Three Reviews, One Contract
With the HITL lifecycle test passing, Layer 2 has a clear brief: add a formal
deadline and escalation path to the human review WorkItem. Currently the
human-approval binding creates a WorkItem with no expiry, no candidate group,
and no response when nobody acts. The case stalls silently. Layer 2 closes that.
Where the SPI landed — not where I planned
I expected to put SlaBreachPolicy in a new platform/apps-api module — a
framework-free home for application-layer SPIs that aren’t foundation primitives.
We spent time designing the module structure, filed the issue.
Then we looked harder at the dependency graph. Every consumer of this SPI already
has casehub-work-api on its classpath. BreachedTask — the value type the
policy receives — mirrors WorkItem fields directly. The SPI is inherently tied
to WorkItem expiry. Platform filed ADR-0007 confirming the placement:
casehub-work-api is right for now. The separate module waits until a genuinely
work-independent cross-app SPI appears.
Chained, and the case for separating it
My spec embedded thenOnBreach on EscalateTo and Extend — the obvious
shape for chaining. The casehub-work implementation chose differently: a separate
Chained sealed record.
record Chained(BreachDecision primary, BreachDecision fallback)
implements BreachDecision {}
default BreachDecision thenOnBreach(BreachDecision fallback) {
return new Chained(this, fallback);
}
Each decision type stays pure — no nullable continuations. The executor handles chaining in exactly one switch arm. The fluent construction still reads naturally.

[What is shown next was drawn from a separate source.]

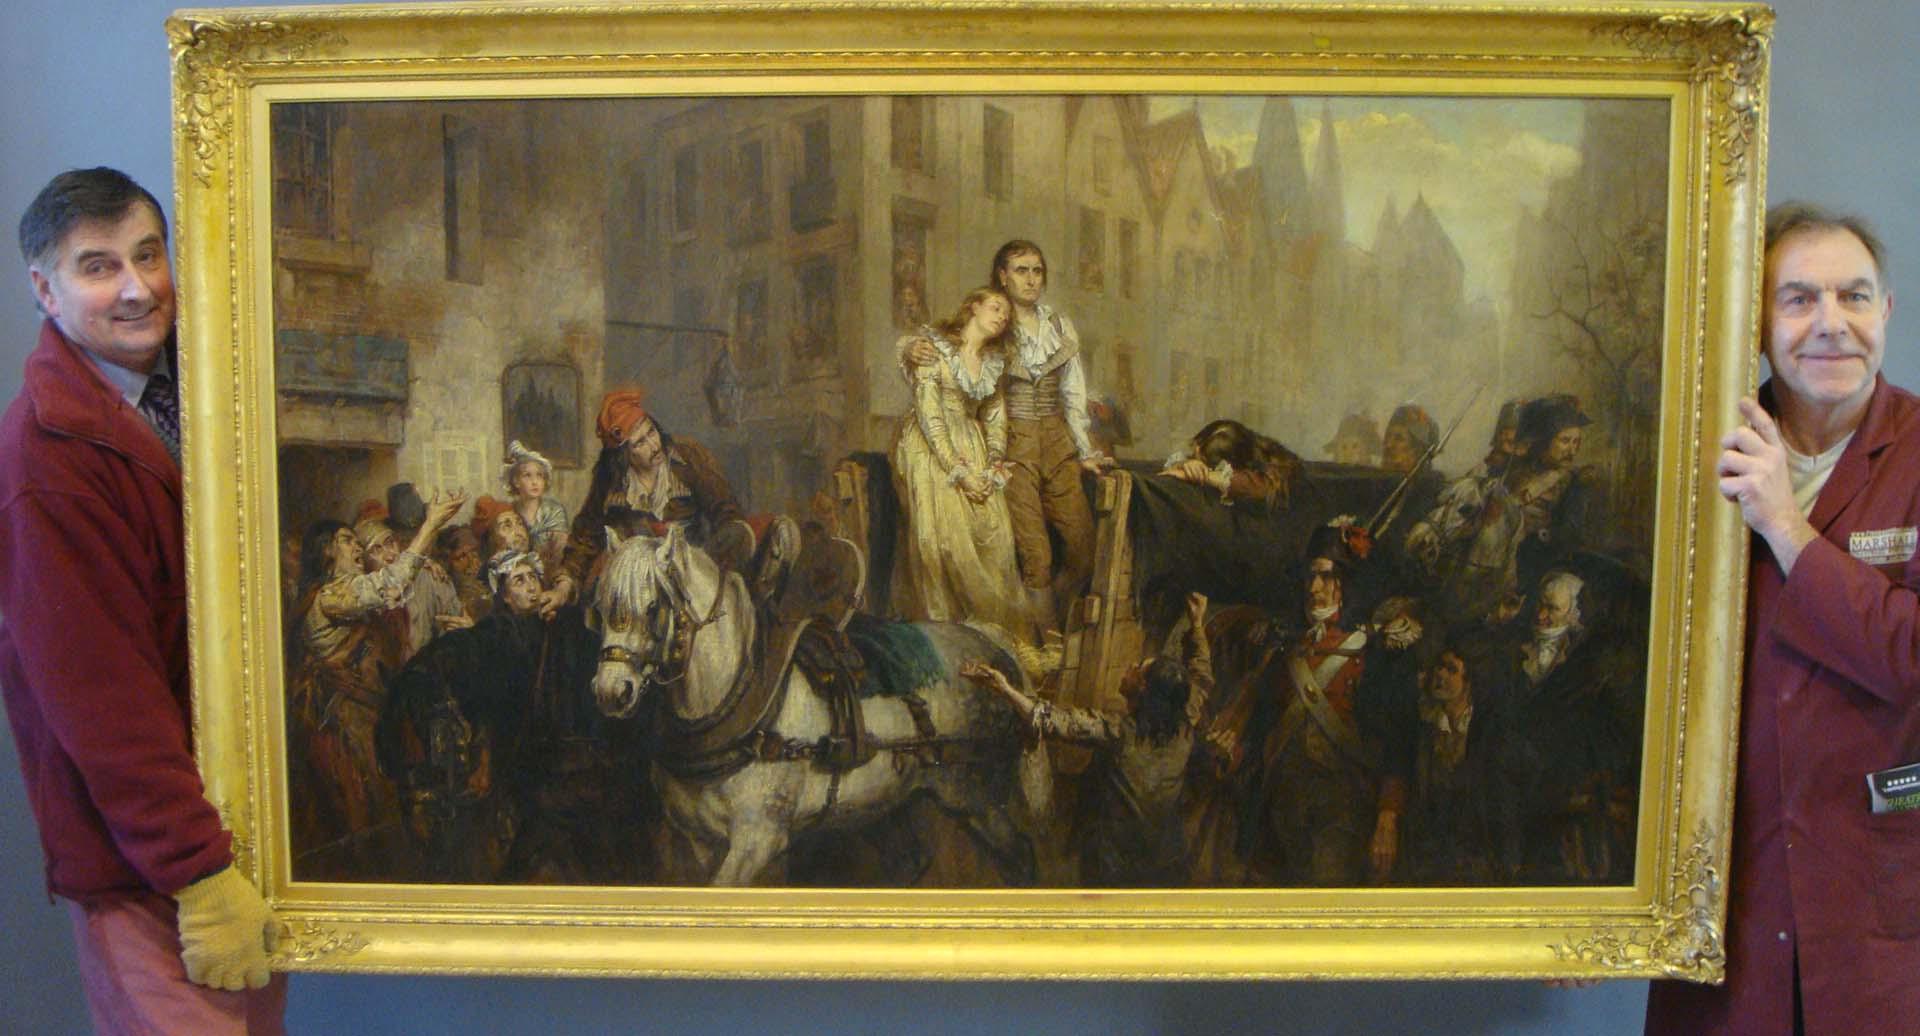 Lot 1061 - Laslett John Pott (1837-1898), 'O Liberte! Que decorative crimes on comment en ton nom!' (Oh

What I didn’t see until we verified it against the execution model: sequential
multi-tier escalation doesn’t need Chained at all. When the escalated WorkItem
expires, ExpiryLifecycleService calls onBreach() again. By then,
ctx.task().candidateGroups() already contains the escalation group set during
the first tier. The policy reads this:
if (ctx.task().candidateGroups().contains(escalationGroup)) {
return new Fail(terminalReason); // second breach — terminal
}
return EscalateTo.to(escalationGroup).withDeadline(escalationDuration);
No serialization, no state storage. The WorkItem’s own fields carry the tier.

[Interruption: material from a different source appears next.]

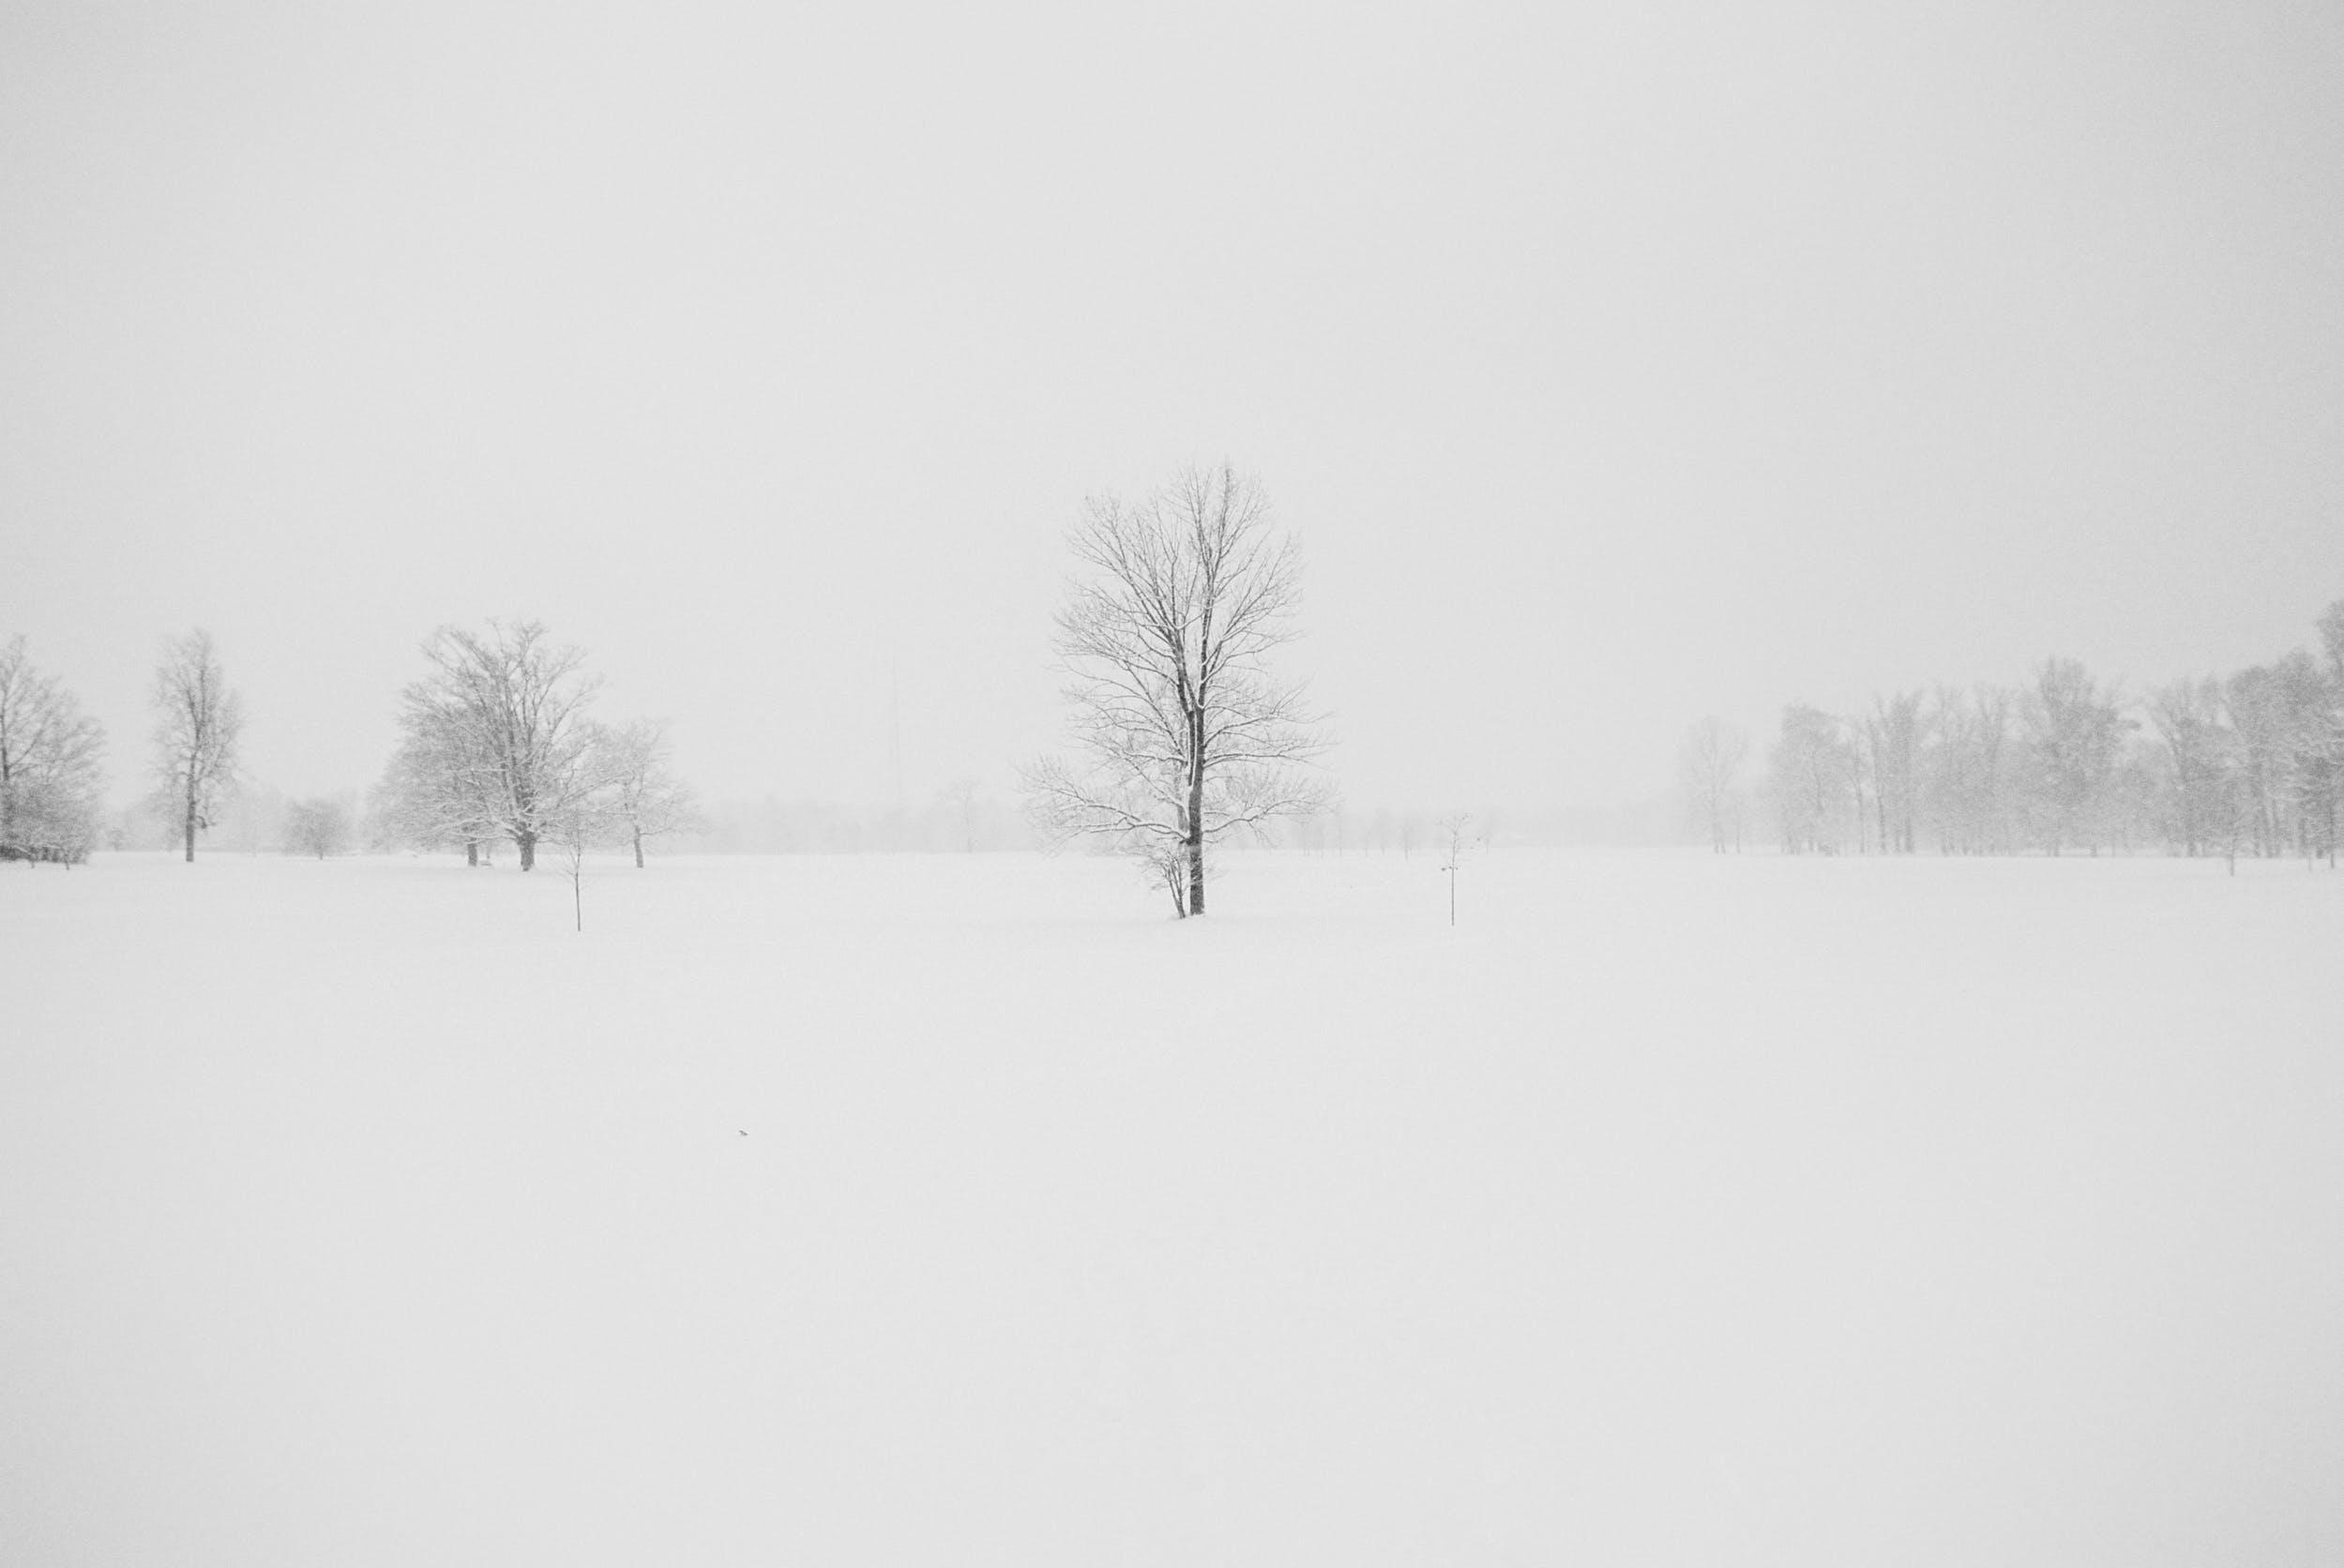 Kostenloses Stock Foto zu äste, bäume, dunstig, eis

I confirmed the same pattern works for AML (compliance officer → head of compliance,
30-day FinCEN SLA) and clinical (Grade 3/4 adverse event, immediate fail on breach).

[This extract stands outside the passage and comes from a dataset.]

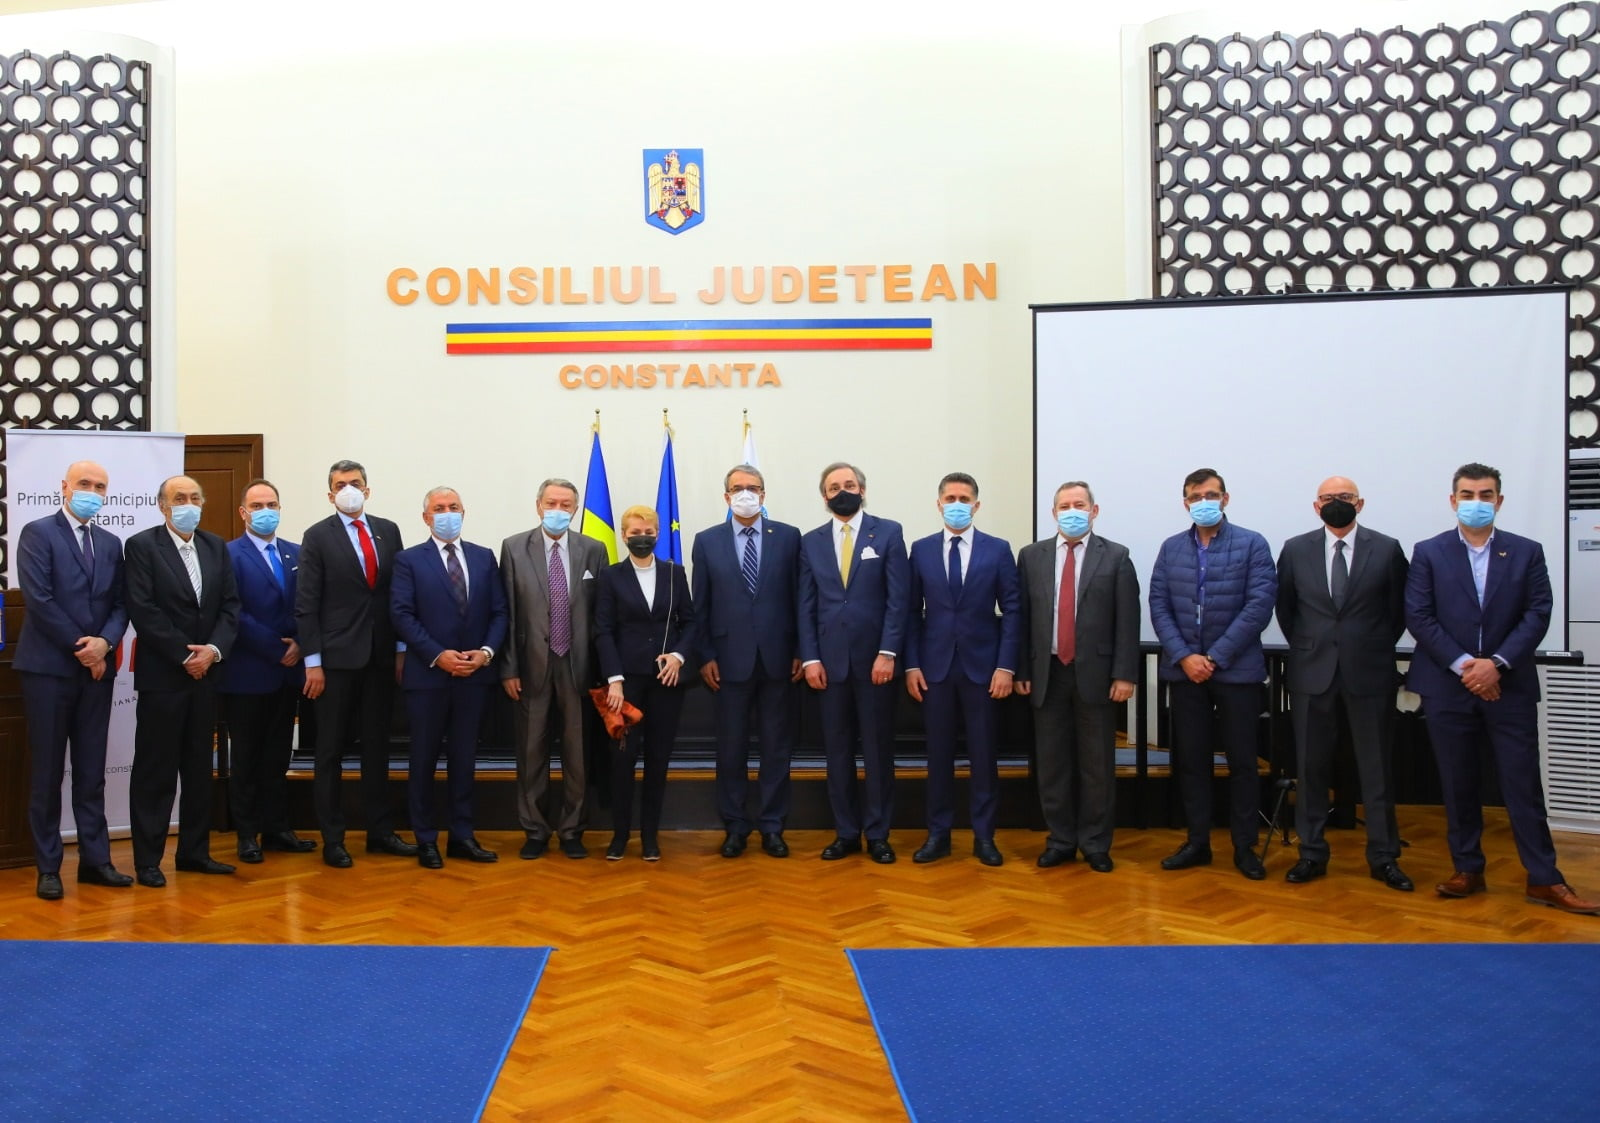 consiliul diplomatic 2

Chained still earns its place — for “escalate to this group or fail if it’s
empty” within a single breach event — but the sequential case is simpler.
Three rounds of review
The casehub-work team designed the SlaBreachPolicy wiring in parallel. Claude
reviewed their design three times.
The first pass found three issues. Path.of() with zero arguments throws —
they needed Path.root() as a null-scope fallback. It didn’t exist on any
platform branch, despite the design document stating it was “already committed
to platform main.” preferenceProvider.preferencesFor() is the wrong method
name — it’s resolve(). And EscalateTo had no deadline field, so
applications couldn’t control the escalated task’s lifetime.
The second pass caught SlaBreachEvent firing with the Chained wrapper rather
than the leaf decision. An observer wanting to know “escalated or failed?” had to
traverse the Chained record. The fix: executeBreachDecision returns the leaf,
fires the event with that.
The third pass surfaced the sharpest issue. BreachExecutionFailed — the private
exception thrown when EscalateTo(empty groups) tries to execute — is only caught
by the Chained branch. A policy returning bare EscalateTo.to() without wrapping
it lets the exception reach the @Transactional boundary. The transaction rolls
back. Every WorkItem processed in that scheduler tick is un-done. On the next tick,
the same items appear again. Infinite retry, completely silent.
Two fixes: validate at the factory so EscalateTo.to() with zero groups throws
immediately at construction, and catch at the top-level dispatch to apply a Fail
rather than propagating.
Path.root() still isn’t on platform main. Until it is, the SlaBreachPolicy
wiring won’t compile, and Layer 2 implementation can’t start.